Personal information
- Born: May 26, 2004 (age 22)
- Listed height: 6 ft 5 in (1.96 m)
- Listed weight: 190 lb (86 kg)

Career information
- High school: E. L. Crossley Secondary School (Fonthill, Ontario); The Rock School (Gainesville, Florida);
- College: Vermont (2022–2026)
- NBA draft: 2026: undrafted
- Position: Shooting guard

Career highlights
- America East Player of the Year (2026); 2× First-team All-America East (2025, 2026); America East All-Defensive Team (2026);

= TJ Hurley =

Canadian basketball player (born 2004)

Thomas "TJ" Hurley (born May 26, 2004) is a Canadian basketball player. He played college basketball for the Vermont Catamounts.

== High school career ==
Hurley grew up in Ontario and attended E. L. Crossley Secondary School. He played his senior season at The Rock School under coach Justin Harden. He lived with a host family and averaged 15 points per game. Hurley committed to play college basketball at Vermont after considering offers from UNC Wilmington, Fairfield, Florida Gulf Coast and NJIT.

== College career ==
As a freshman, Hurley averaged 5.1 points and 1.7 rebounds per game and a 41.2 three-point percentage, earning America East All-Rookie Team honors. He averaged 7.4 points and 2.7 rebounds per game as a sophomore.
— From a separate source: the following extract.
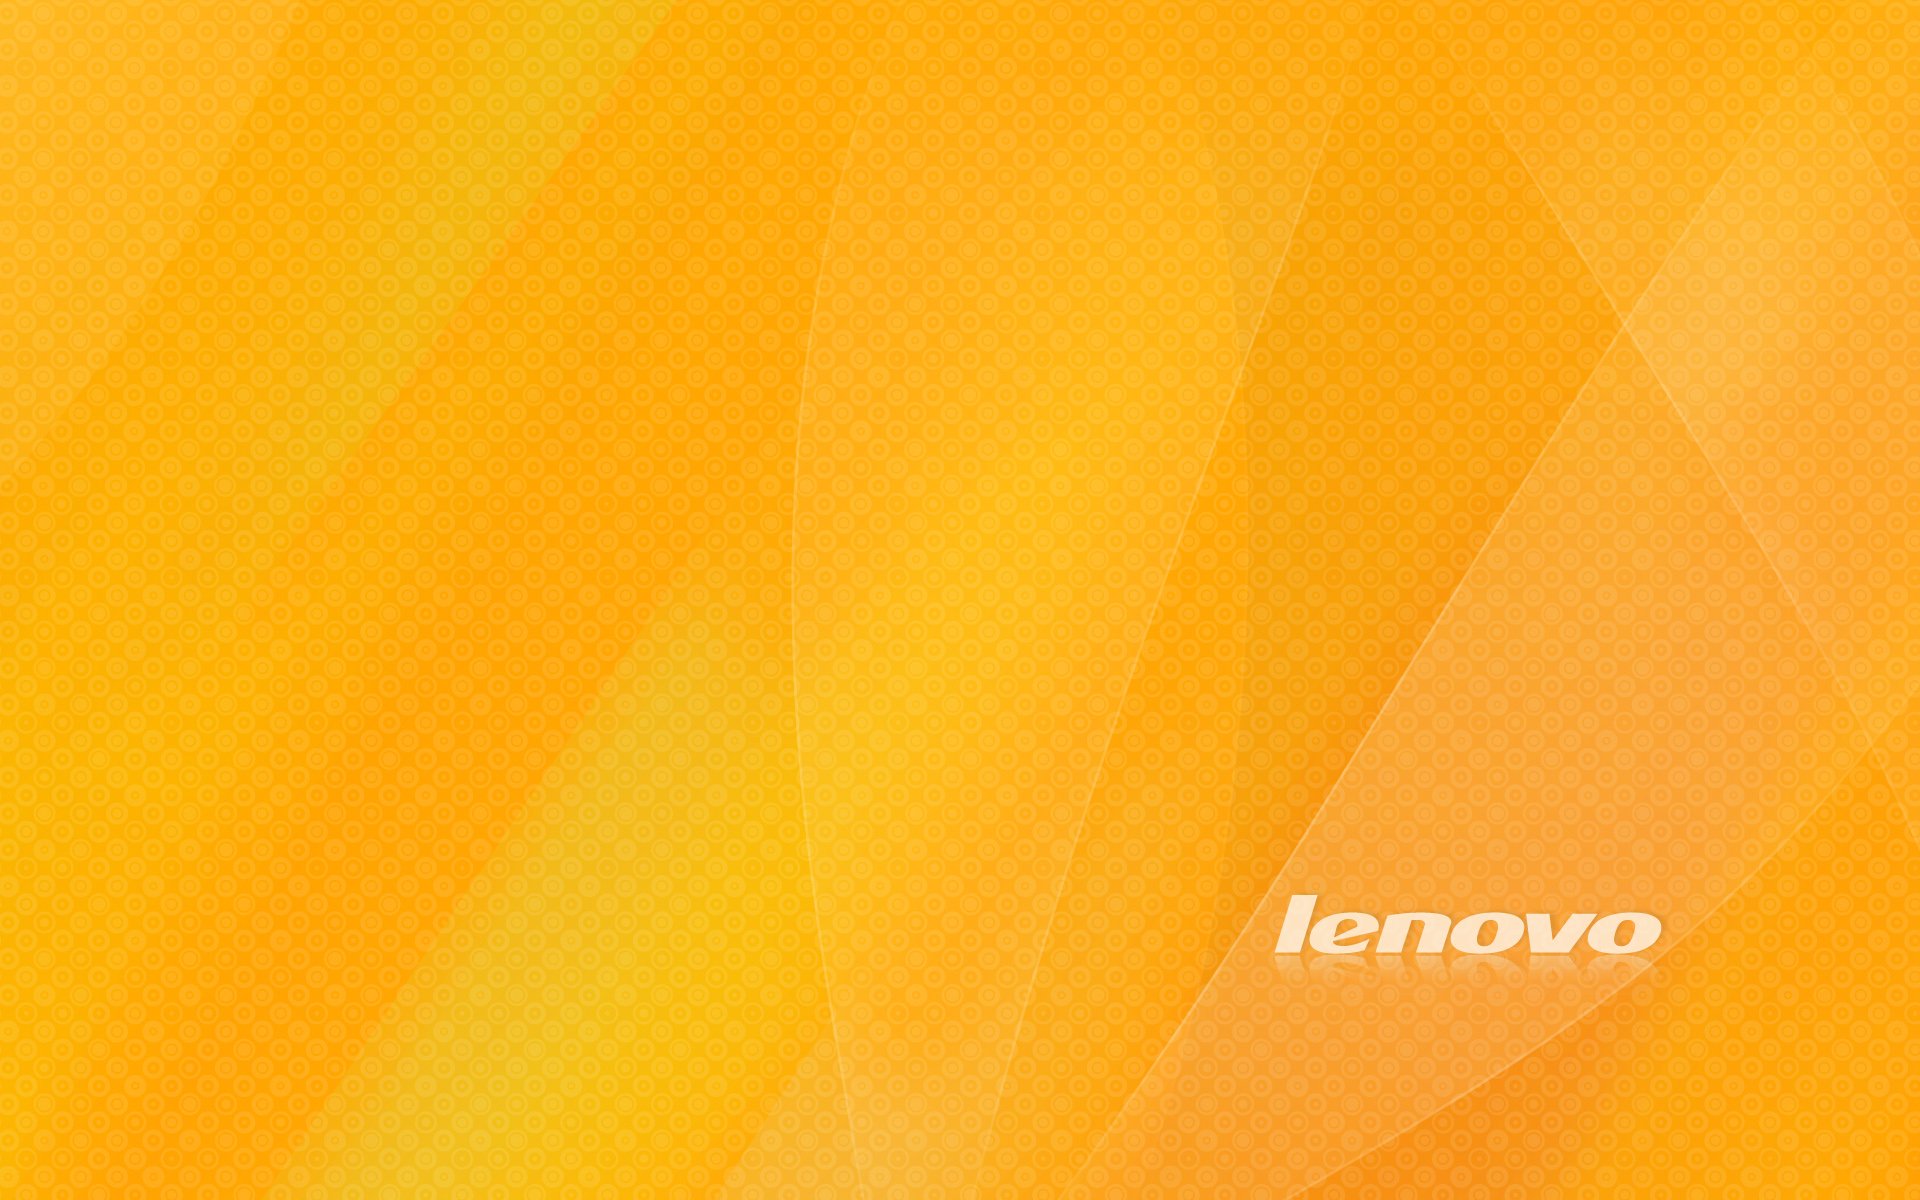 49+] Official Lenovo Wallpaper - WallpaperSafari

Hurley averaged 15.8 points, 2.4 rebounds, and 1.3 assists per game as a junior. He was named to the First Team All-America East. As a senior, Hurley was twice named America East player of the week and received America East Player of the Year honors. He averaged 15 points and 3.5 rebounds per game.

== National team career ==
Hurley participated in the 2023 FIBA U-19 World Cup in Debrecen, Hungary, representing the Canada men's national under-19 basketball team. He came off the bench and helped the team to a seventh-place finish.